Bribe payments by oil trading giant Vitol Group were facilitated by an accounting system that allowed employees to bypass internal controls, according to a company official.
Traders could circumvent Vitol’s accounting systems by requesting manual payments to be authorized by senior employees, Valentine Douglas, Vitol’s treasury and financial operations manager, told a federal jury in Brooklyn, New York this week. The jury was shown emails from two employees at Vitol in Geneva authorizing payments of money that was ultimately used for bribes.
The revelations are the latest from the trial of former Vitol trader Javier Aguilar to shine an unflattering light on the commodity trading industry’s approach to bribery and corruption. Vitol, the world’s largest independent oil trader with annual revenues in the hundreds of billions, in 2020 admitted to paying bribes in three countries for more than a decade.
Aguilar is accused of running a five-year bribery and money-laundering scheme while based in Houston. He denies the government’s charges, claiming he was framed by a superior at Vitol.

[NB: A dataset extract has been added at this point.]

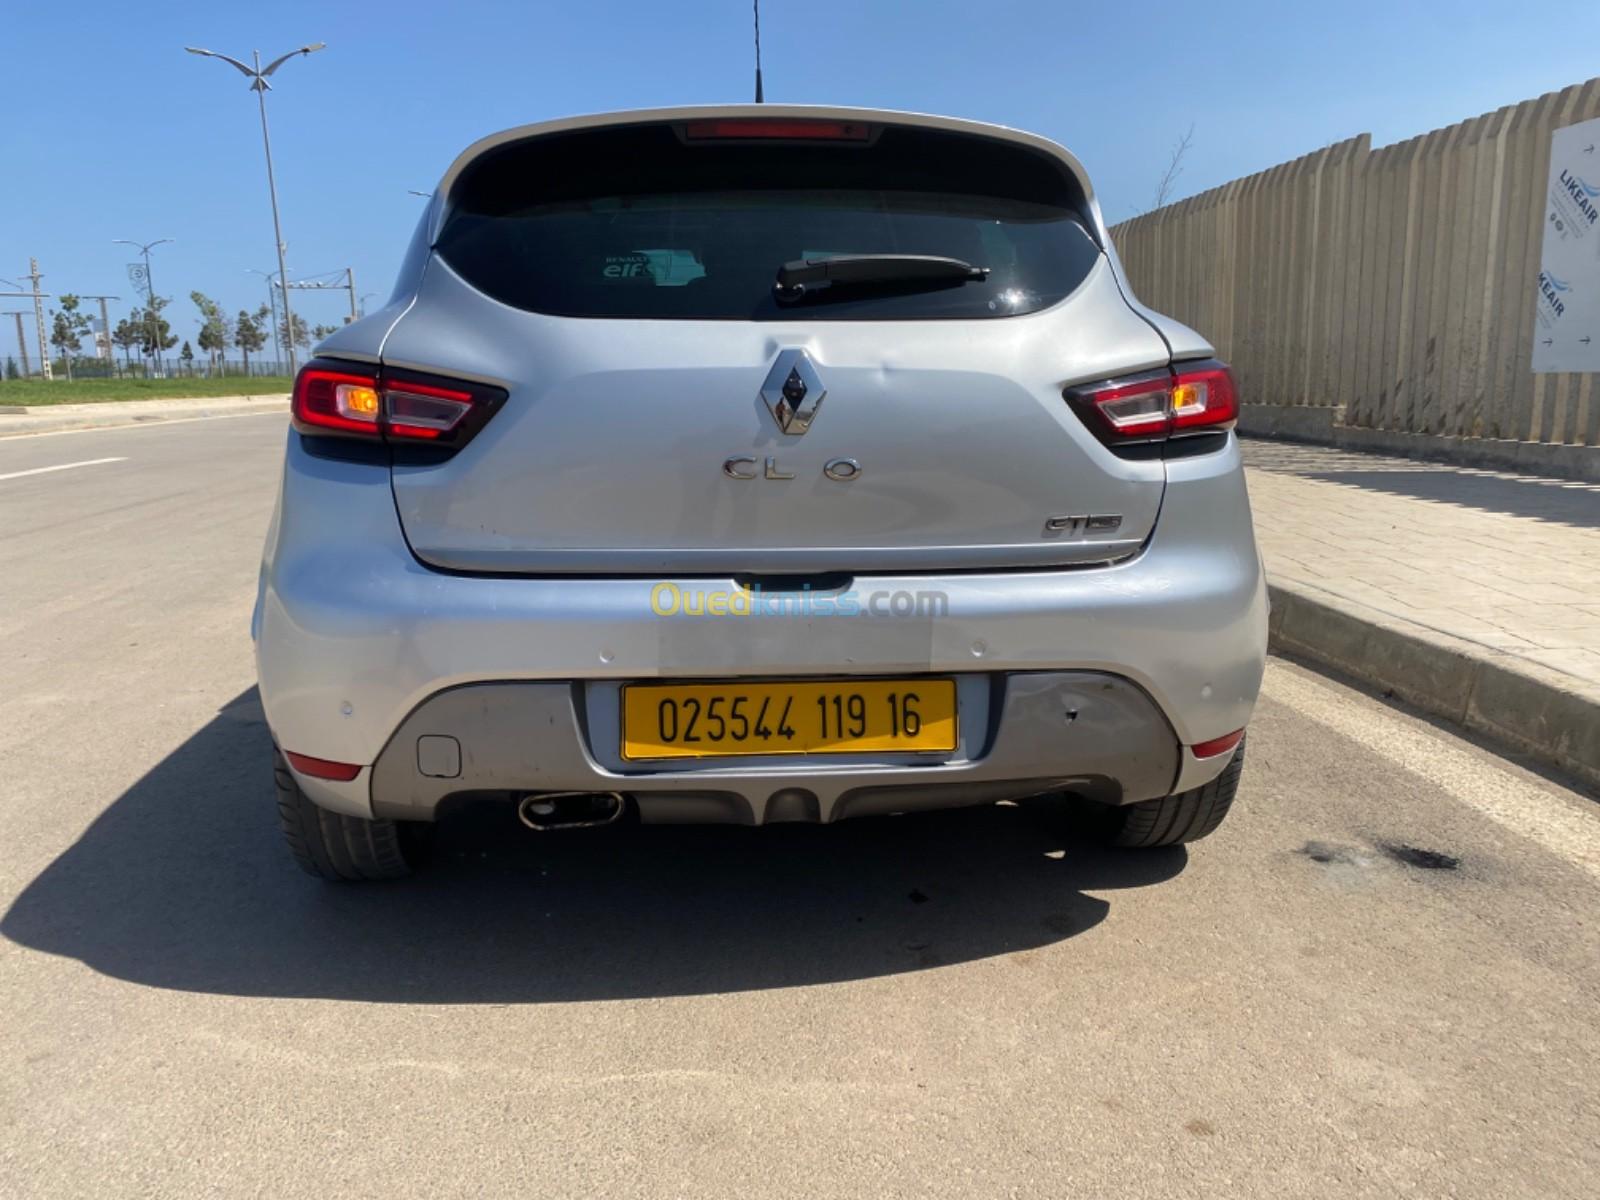 Renault Clio 4 2019 Gt line plus - Alger Algeria

The jury also heard that Aguilar, a mid-level trader specializing in liquefied petroleum gas, or LPG, had shares in Vitol worth $75.5 million in 2020, the year he was indicted. The company, which is owned by its employees, has the ability to forfeit the shares of an employee who commits a crime, according to Douglas, though it wasn’t clear from his testimony whether Aguilar remains a shareholder.
Prosecutors allege that Aguilar instructed Vitol to make payments to a middleman, Lionel Hanst, based on the Caribbean island of Curacao. From there, the money was further distributed and ultimately used to pay $870,000 in bribes to officials in Ecuador and Mexico.

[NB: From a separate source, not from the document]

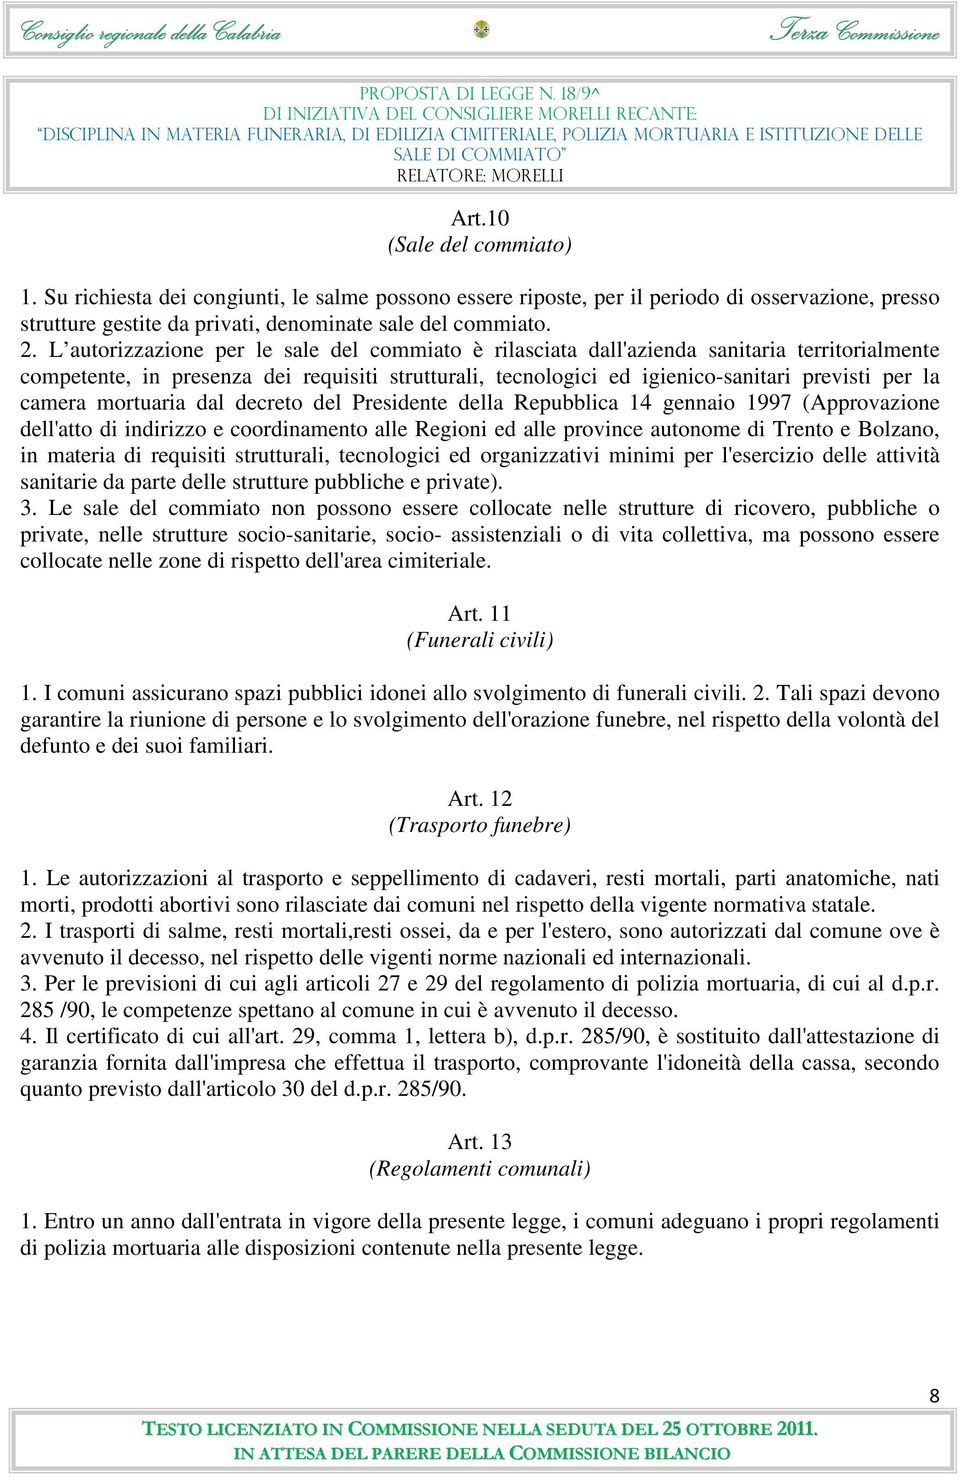 camera mortuaria dal decreto del Presidente della Repubblica 14 gennaio 1997 (Approvazione dell'atto di indirizzo e coordinamento alle Regioni ed alle province autonome di Trento e Bolzano, in

Douglas testified that Vitol’s two accounting systems contained no record of the payments to Hanst’s companies. But he said that it was possible to make a manual payment that bypassed those systems during the period of alleged wrongdoing.
Lawyers for Aguilar showed jurors emails from two Vitol executives in Geneva authorizing seven payments, each for hundreds of thousands of dollars, to Hanst’s firms. There was no suggestion that the Geneva executives were aware the money would be used to pay bribes.
“If a payment is made manually, then all of the system checks that we have in place to scan those payments before they’re made do not occur. So it can be a way of going around internal checks,” said Douglas, who works for Vitol in the Netherlands and was asked to testify as part of the company’s cooperation agreement with the US government.
A spokesperson for Vitol declined to comment.
Hanst has pleaded guilty to paying the bribes on Aguilar’s behalf and started testifying on Tuesday. He testified that he used two shell entities to pay as many as 20 brokers who participated in the scheme, pocketing a 5% fee for himself. He told jurors that he never performed any services described in sham agreements used to justify the payments.
“I was making payments for services that had not been rendered,” Hanst said. He also testified to receiving directions, contracts, and invoices via fax from Vitol’s offices in Geneva. The sender of the documents was unidentified, Hanst said.
The US has alleged Aguilar and Hanst caused approximately $21 million to be wired from Vitol’s bank accounts in the UK to Hanst’s shell companies.
The case is: US v. Aguilar, 20-CR-390, Eastern District of New York (Brooklyn).